Tuesday, October 5, 2010

Look to the East for Liquidity


We continue to see the impact from the  collapse of liquidity and erosion of value in the old world economies  flowing from the global financial crisis of 2007 and 2008.   The Wharton School of the University of Pennsylvania recently reported ( In Search of Capital ) that during 2009 angel investing in the USA in start ups declined a further 8.3% to $17.6 billion - following an earlier massive  drop of 26.2% in 2008.  This didn't really overcome the positive news that because deals were slightly smaller in size last year there was actually a 3% increase in the total number of firms that got financing.  If the US stops funding entrepreneurial activity there is something seriously wrong.

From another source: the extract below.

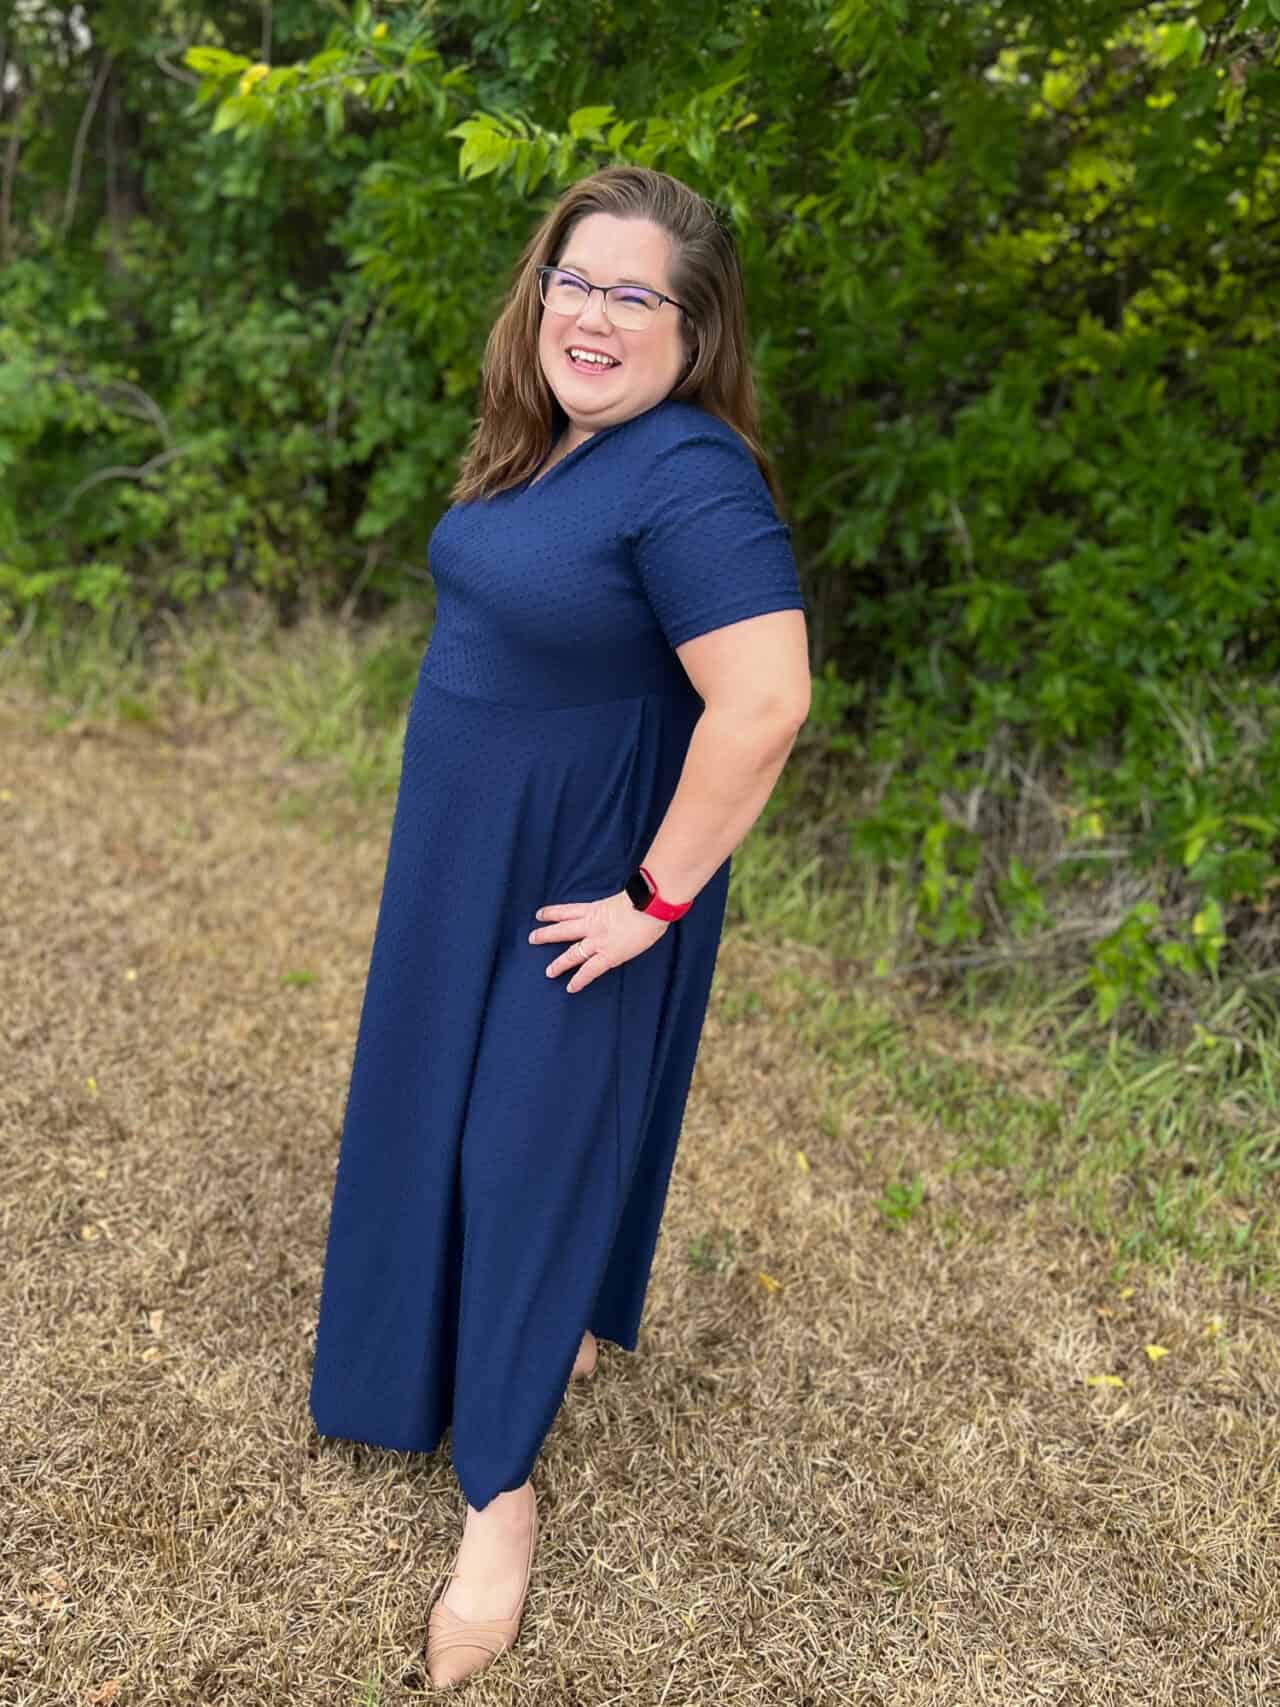 Shawl collar dress sewing pattern by Love Notions.

In June we saw Dave Kansas pose the question Did China Save Your Retirement in his Wall Street Journal article - proposing that unless the Chinese let their yuan appreciate against the US dollar US retirement savings were under severe threat - and expressing some relief that there appeared to be some signs that China appeared to making moves to loosen controls on their currency.  More recently we have seen the US legislature approve new laws empowering the administration to take punitive action against the Chinese unless they relax their currency controls.  I won't hold my breath.  Why should/would they?

To me the best indicators of what is happening is to watch where the private bankers and investment bankers are going with staff, infrastructure and to source capital.  And it's not Europe or North America. It's India and China.  Look at the example of Lombard Odier Darier Hentsch, the small and venerable old boutique Swiss private bank - which is boosting its Hong Kong team.  At the time it made this announcement in September it criticised it's larger private banking rivals also rushing to China stating that the days of product pushing are over and the future of private banking is "where the client is still the focus".  "The deleveraging that has occurred following the global financial crisis in 2008 has resulted in a structural change in the market.  It is not a cyclical change".

I am excited by this.  As an Australian living in our island at the bottom of Asia I am living right in the middle of the largest global power shift since the war.

What opportunity there lies for the brave and the agile!